REQUIRED ACTION: Line by line, return the listing exactly, without any of the images.

DATA BLOCK:
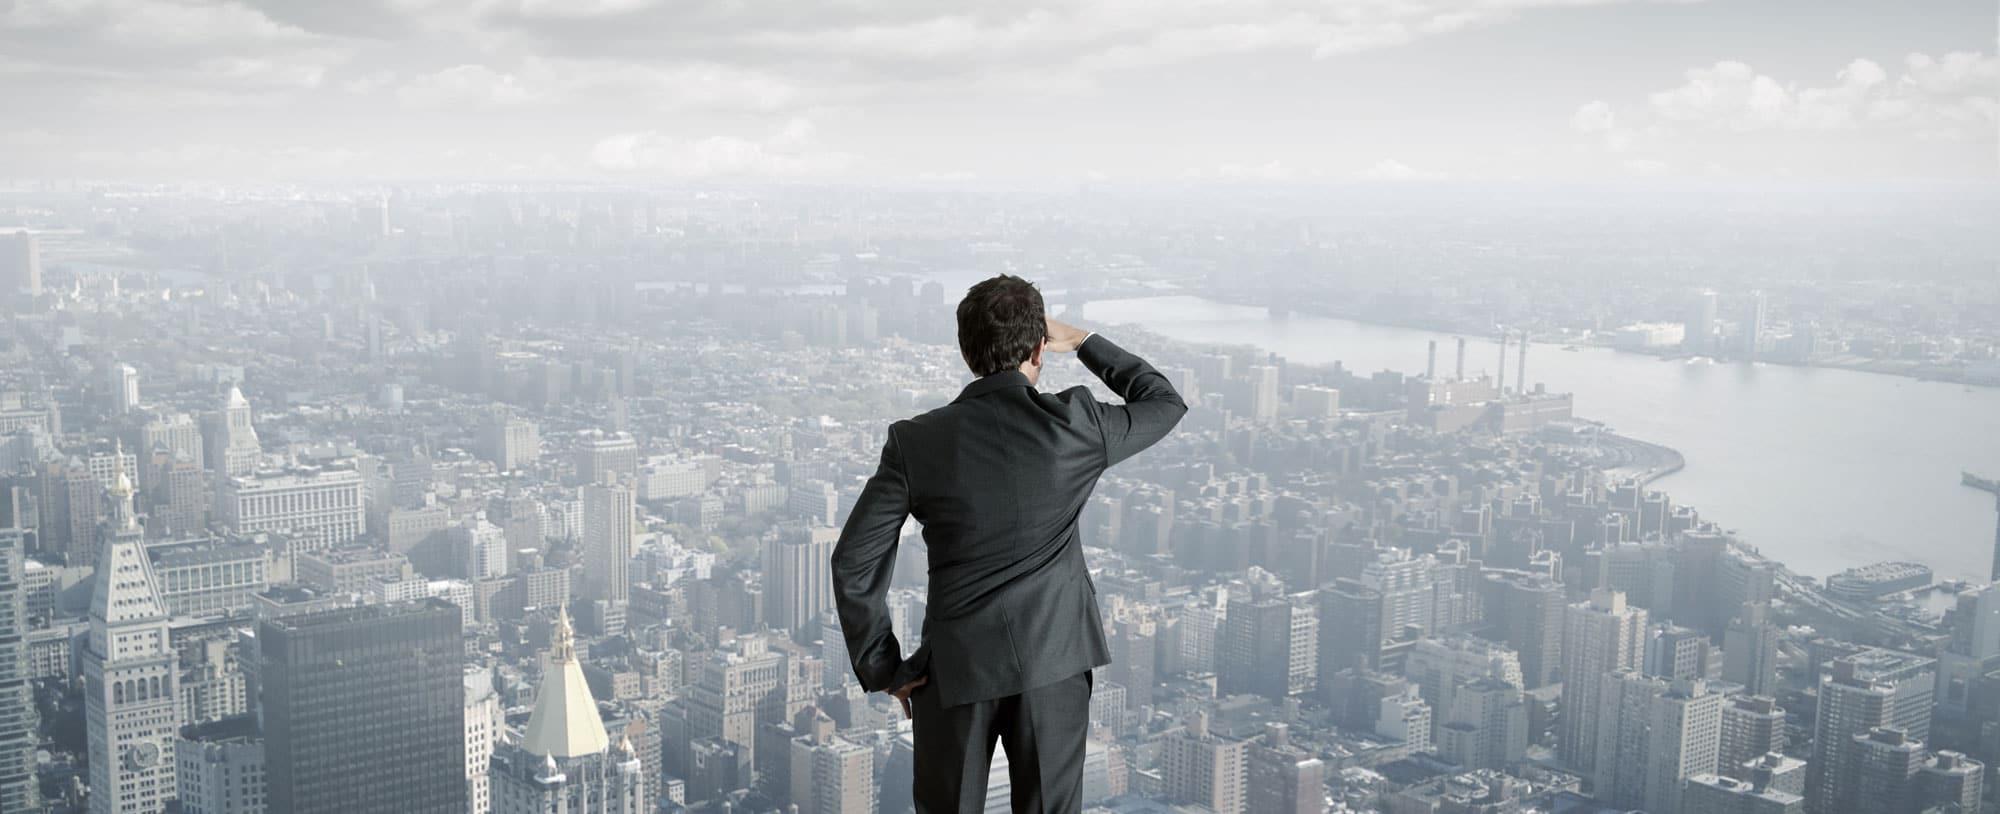 Sàn giao dịch bất động sản, Đặc điểm của sàn giao dịch bất động sản
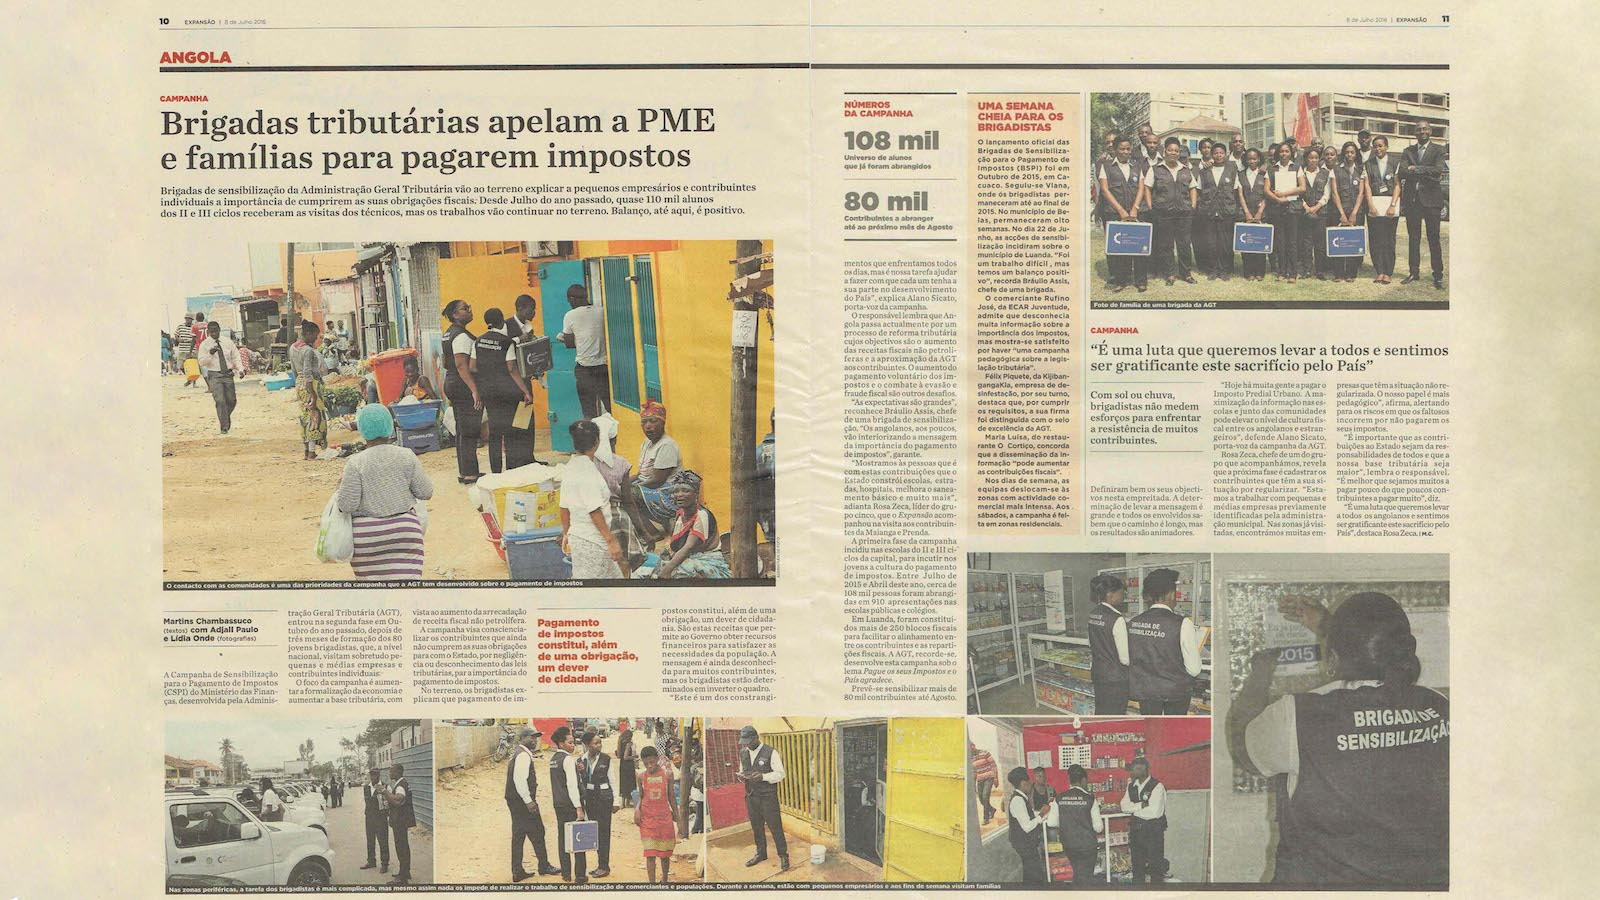 Clip de notícia sobre o engajamento dos comerciantes na campanha
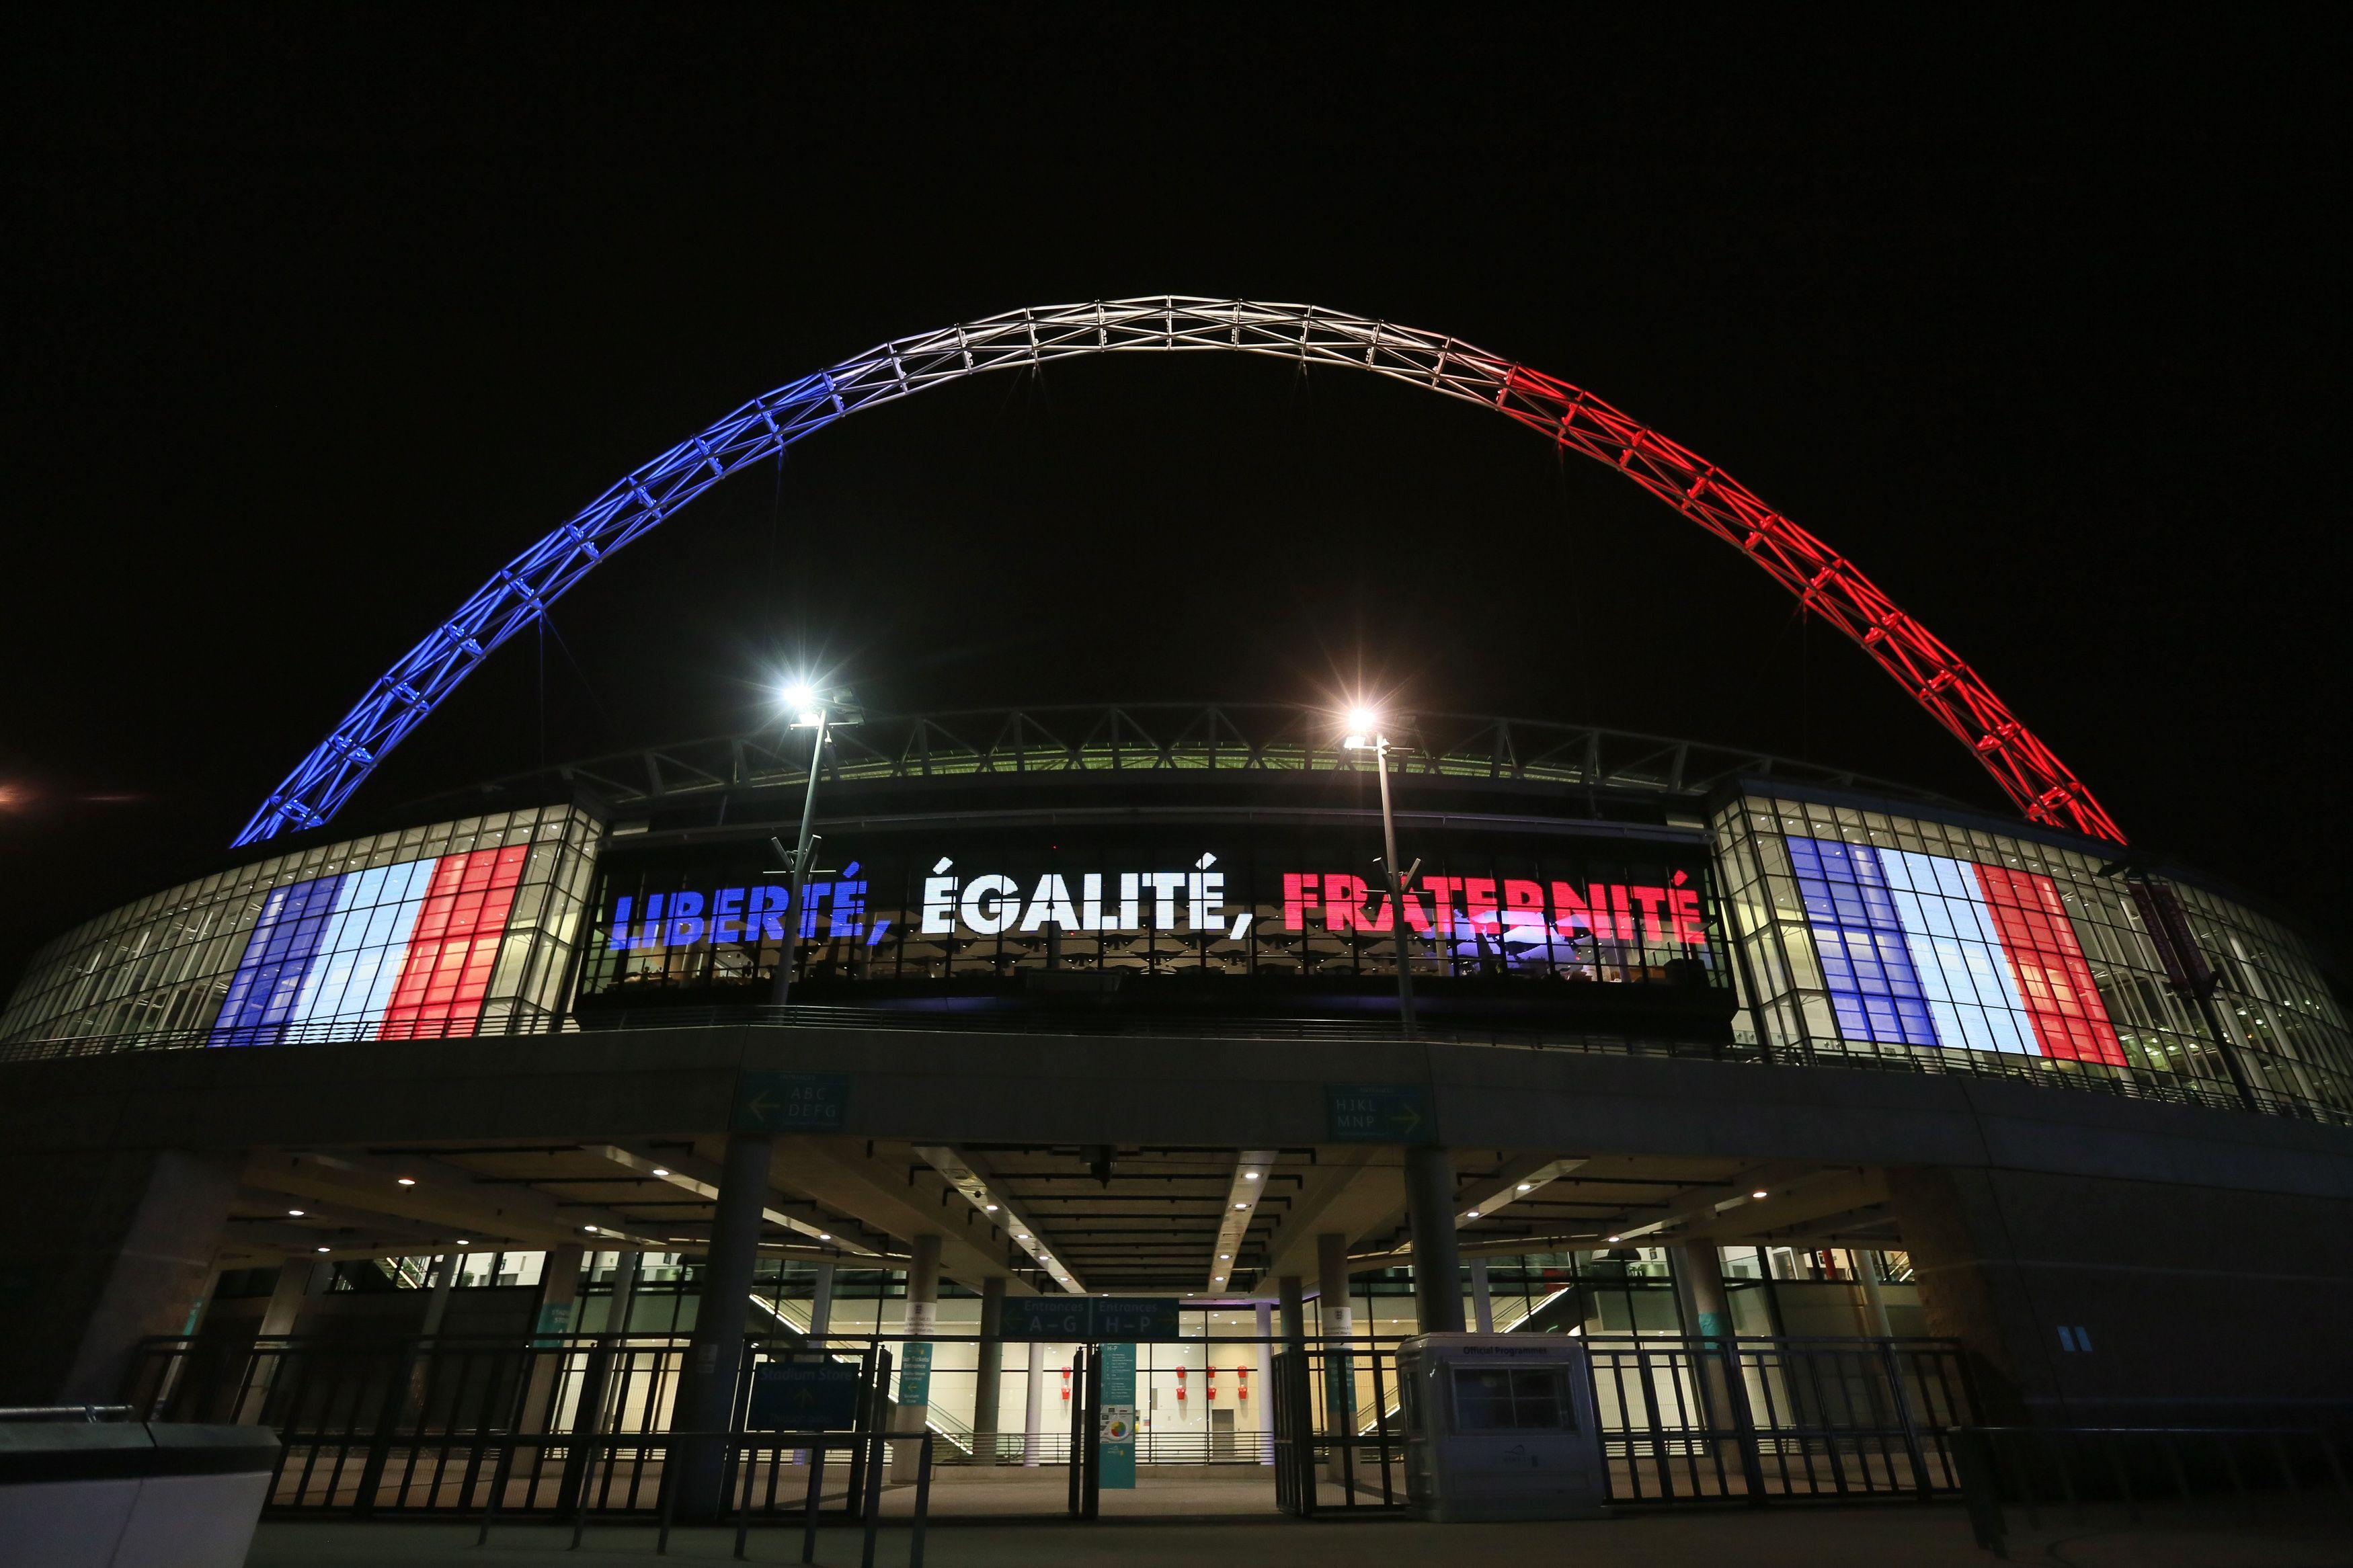 Angleterre-France : un match sans enjeu, devenu symbolique, suite aux attaques de Paris

SOLUTION TO THIS TASK:
 Sàn giao dịch bất động sản, Đặc điểm của sàn giao dịch bất động sản
 Clip de notícia sobre o engajamento dos comerciantes na campanha
 Angleterre-France : un match sans enjeu, devenu symbolique, suite aux attaques de Paris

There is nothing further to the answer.